Писатель Пьер Гийота
Писатель Пьер Гийота
Эту книгу никогда не прочтет российский школьник. Разве что скачает случайно файл, перепутав со словом «Эдем» какое-то другое иностранное слово, набирая его в окошке искалки. К примеру, наш школьник интересуется производством сыра и хочет узнать, как делают «Эдам». Или пытается найти биографию бельгийского футболиста Эдена Азара. В общем, только случайность может навести нашего несовершеннолетнего юношу, нашу несовершеннолетнюю девушку на знакомство с романом Пьера Гийота «Эдем, Эдем, Эдем». Более того, когда Госдумой будет окончательно принят очередной закон за нравственность и против пропаганды известно чего среди несовершеннолетних, у людей, вывесивших текст сочинения Гийота в сети, могут быть серьезные неприятности – если они не поставят на своем сайте могильный крестик и цифру 18. А что уже российские моралисты могут сделать с издателем и книгопродавцем, даже подумать страшно.

Впрочем, с Пьером Гийота такое уже происходило, только во Франции. «Эдем, Эдем, Эдем» вышел в 1970 году и сразу оказался в центре гигантского скандала. Через месяц после его появления Министерство внутренних дел запретило его распространение, рекламу – и продажу несовершеннолетним. В ответ была составлена международная петиция с призывом отменить эту меру (действительно, почему де Сада или Батая распространять можно, а Гийота – нельзя?); документ подписали более дюжины известных писателей, музыкантов, философов, от Мишеля Фуко и Ролана Барта до Пьера Булеза. «Эдем, Эдем, Эдем» даже номинировали на литературную премию Медичи, а когда он не получил награду, романист Клод Симон в знак протеста покинул жюри. Сам Гийота в 1972 году пишет эссе «Запрещенная литература», где пытается представить свой роман в более гуманистическом, что ли, контексте и пересказывает всю историю запрета. Разрешили «Эдем, Эдем, Эдем» только в 1981-м.

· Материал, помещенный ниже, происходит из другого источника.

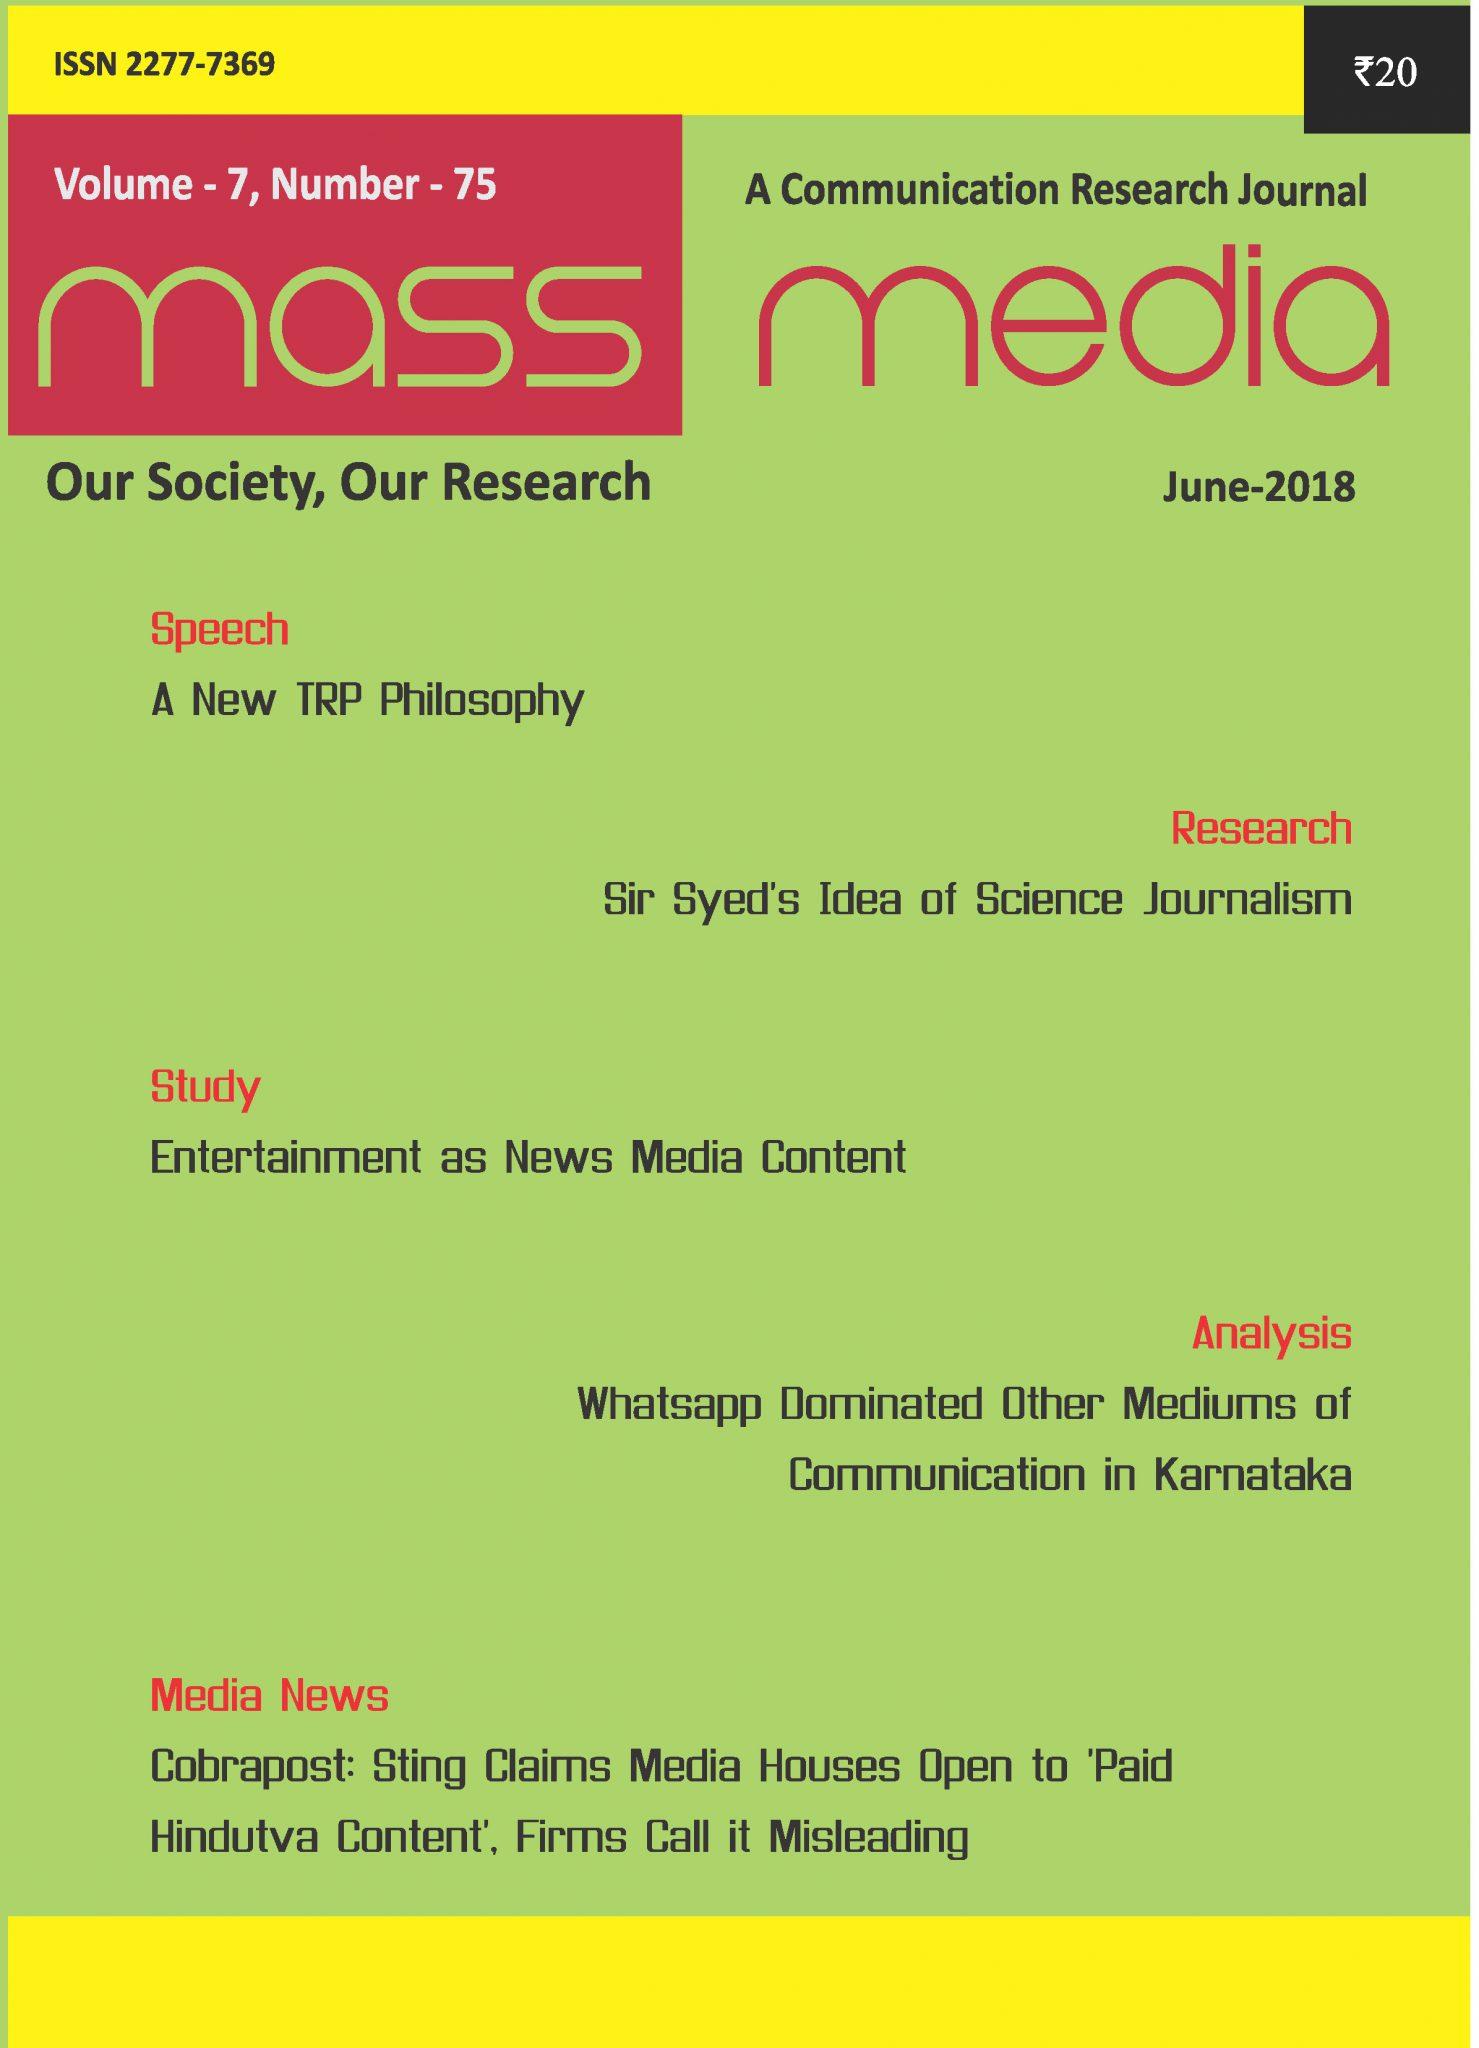 Mass Media (June 2018)
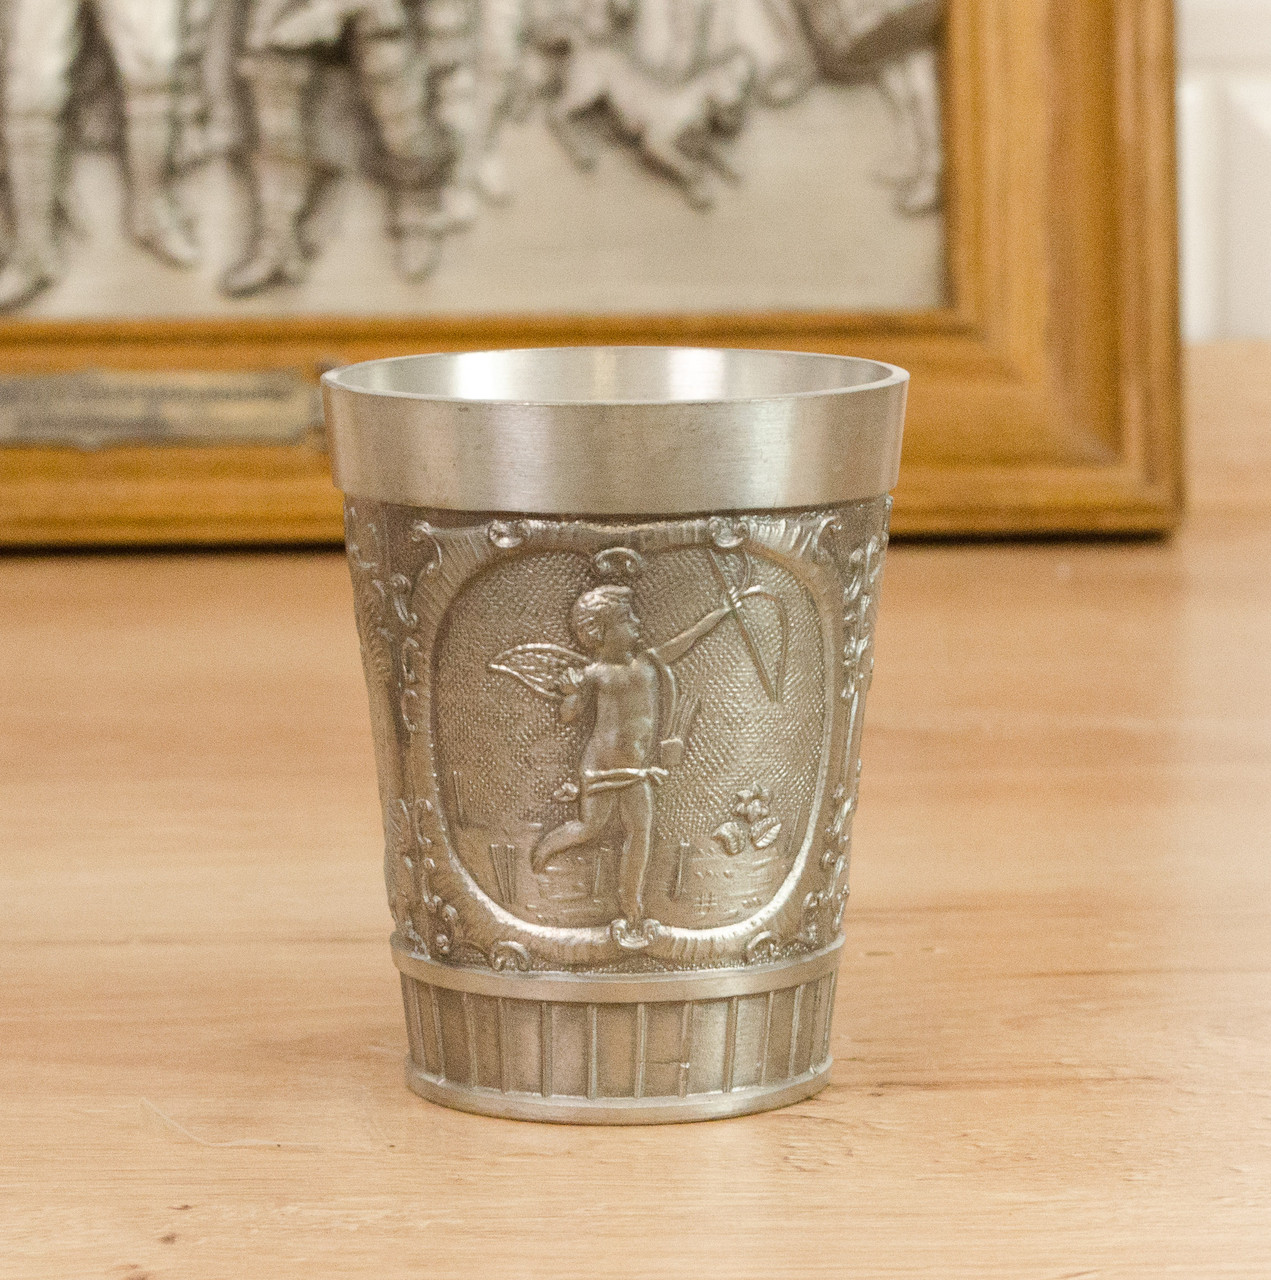 Коллекционный оловянный бокал для шнапса, пищевое олово, Германия, 120 мл

Впрочем, если наш гипотетический школьник и получит в распоряжение этот текст, читать он его вряд ли станет. Это одно из самых бескомпромиссных произведений европейской прозы прошлого века; иными словами – этот роман нечитабелен. Эстетически он столь же возмутителен и радикален, как и этически; именно поэтому он привлек столько внимания. Вот что писал о нем Ролан Барт: «”Эдем, Эдем, Эдем” представляет собой (или должен бы представлять) нечто вроде толчка, исторического шока. Все предшествующие ему действия еще кажутся разрозненными, однако совпадения, которые мы постепенно начинаем понимать — от Сада до Жене, от Малларме до Арто — наконец-то собираются воедино,
перемещаются, очищаются от обстоятельств эпохи...» А вот Мишель Лейрис: «Конечно же, очень многих читателей такого рода книги могут оттолкнуть своим грубым и (если хотите) шокирующим содержанием, особенно если учесть, что наше общество все еще продолжает находиться во власти идиллических представлений о литературе, несмотря на многократно предпринимавшиеся попытки их развеять. Впрочем, кто знает, возможно, именно неспособность пойти на уступки – как с одной, так и с другой стороны – и выделяет подобные произведения из однообразного потока современной печатной продукции?»

Короче говоря, опасаться, что неискушенный подросток примется за чтение этой монструозной книги, нет никаких причин. Но нам, взрослым людям, хорошо бы помнить эту историю – и историю других книг Пьера Гийота.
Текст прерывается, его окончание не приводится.